You would think that a proper understanding could be achieved by open minded people. Zina Young's story muddied the water for me in properly understanding the issue though.

There really was not a complete understanding of this in the beginning and all these things will be worked out.

I trust that it will.

Posted
Even if humans had existed that long and there were 100 billion people (which is untrue), all who have not heard will have a chance through missionary work in the spirit world.

No wonder you didn't have a testimony, you don't understand a single piece of doctrine. And instead of working to gain a testimony, you tried the easy way and just asked for one. Do any of your students ever come up to you and ask for an A, even though they haven't completed a single assignment?

You'll discover that there are many people who faithfully live the Gospel and faithfully serve missions and desperately want to believe that Joseph Smith was a prophet, but despite those efforts, they don't. I don't know anything about Tarski other that what I've read on this thread, but my story (though shorter, I'm a decade younger than him) is somewhat similar. I was a very obedient LDS kid, obeyed all the "big" commandments, repented when I didn't obey the little ones, went to seminary, never missed a day of church except when I was sick, went on a mission, worked my tail off, followed all the mission rules, and from the age of 15 and for the next five years repeatedly begged God to make good on Moroni's promise, and it never happened despite my hope that it would. I decided to leave the church knowing that my family would be terribly disappointed, knowing that numerous friendships would suffer, being pretty sure that one of my siblings would pretty much disown me (which did happen), but for me to continue being a member would have been hypocritical because I never received the spiritual witness on which I was taught to rely, and I could stomach the disruption and loss of relationships easier than I could hypocrisy.

I'm sure you'll meet people like me in the very near future (if you're going on a mission soon). You can choose to take the attitude you have with Tarski, which is to doubt his sincerity and assume he has some spiritual defect and insult him. And those people like me and Tarski and countless others might think you're arrogant or insensitive or immature, and probably won't want to have any sort of relationship with you. Or, you can accept that we've done our best and been sincere, but for whatever reason it just didn't click. It doesn't make us any better or worse than you, just people with different spiritual or psychological needs. You (and the people you meet) will be better off, and assuming that you continue being a faithful Mormon for the rest of your life, you'll learn to better understand some of those to whom you minister.

Just my unsolicited 2 cents. Take it for what you will.

Posted
Man, that does make me sad, and not just because I can relate to the anguish and the futility of the struggle (I spent many days in the Utah mountains on a similar quest the year before). It's also a shame that we couldn't fully enjoy what was such a beautiful place. It sounds like a story of a P-Day gone horribly askew for your companion, though.

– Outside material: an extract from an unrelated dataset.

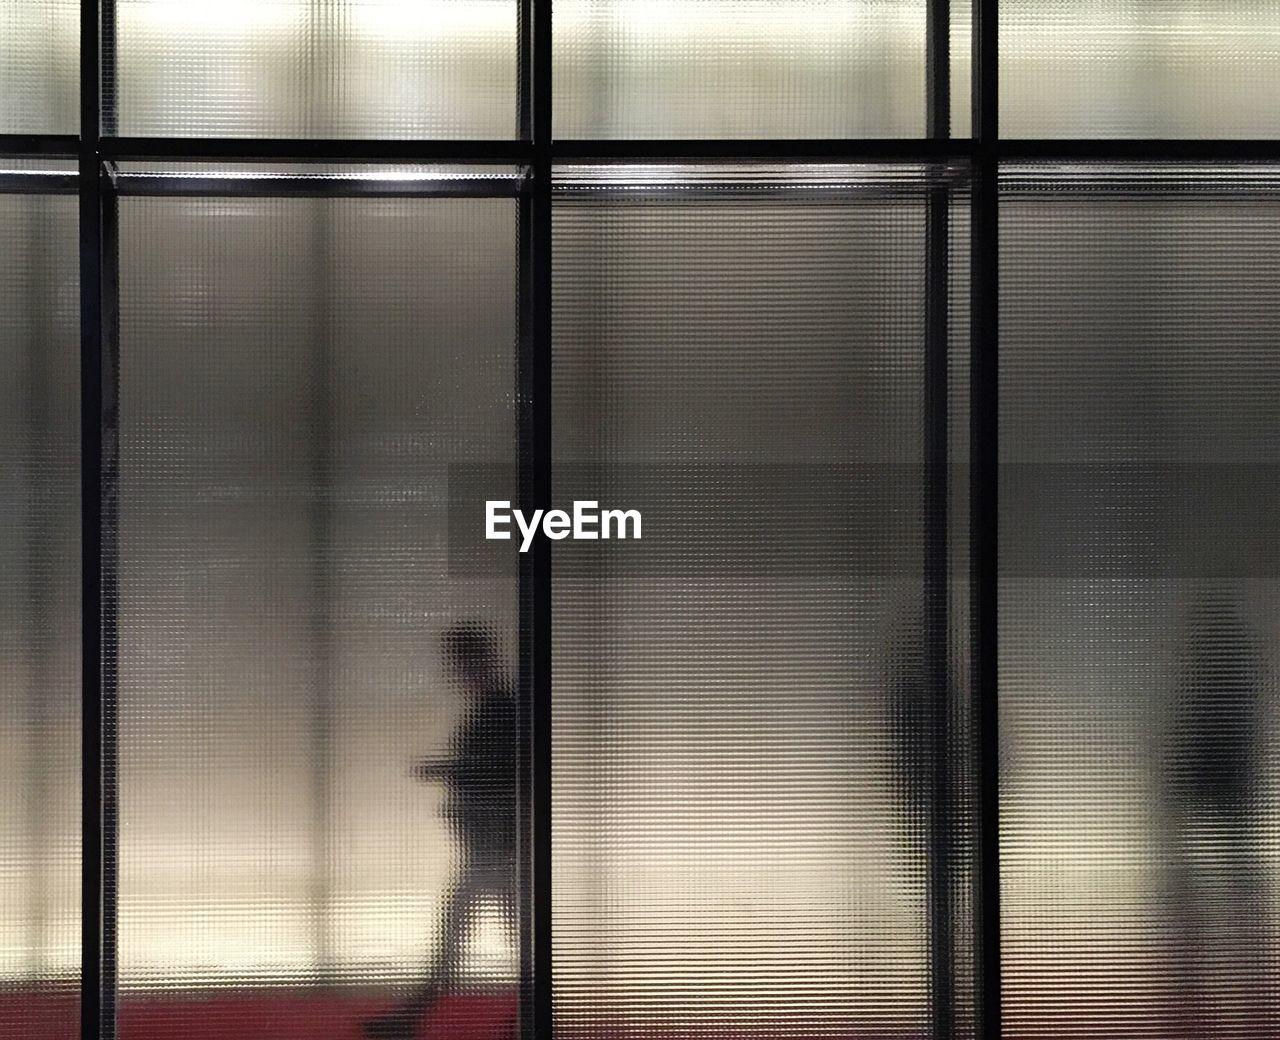 People Seen Through Translucent Glass

a5..., the wise 18-year-old, wrote:

In my experience, it also is not given after years of faithful adherence and diligent study, followed by many days of fasting and prayer. Or by two years of faithful missionary service and constant pleading.

Perhaps it may take a life time of honest pleading and endurance. I'm still asking. I will never give up. I believe the Lord will answer me in His time. He has given us this promise and I have faith that He will fulfill his promise. At the same time, I will try my best fo fulfill my promise to endure to the end. The Lord knows the end from the beginning and I have enough faith to know there is a reason that He needs me to remain faithful until I have that sure knowledge we have all been promised. In my experience, a testimony doesn't come all at once. I have a testimony of some principles, like tithing, and for others, I have yet to gain a testimony. As we continue to try and live the principles we are taught, our testimony of those principles will grow. Line upon line, precept upon precept, until we have the perfect knowledge that we have been promised.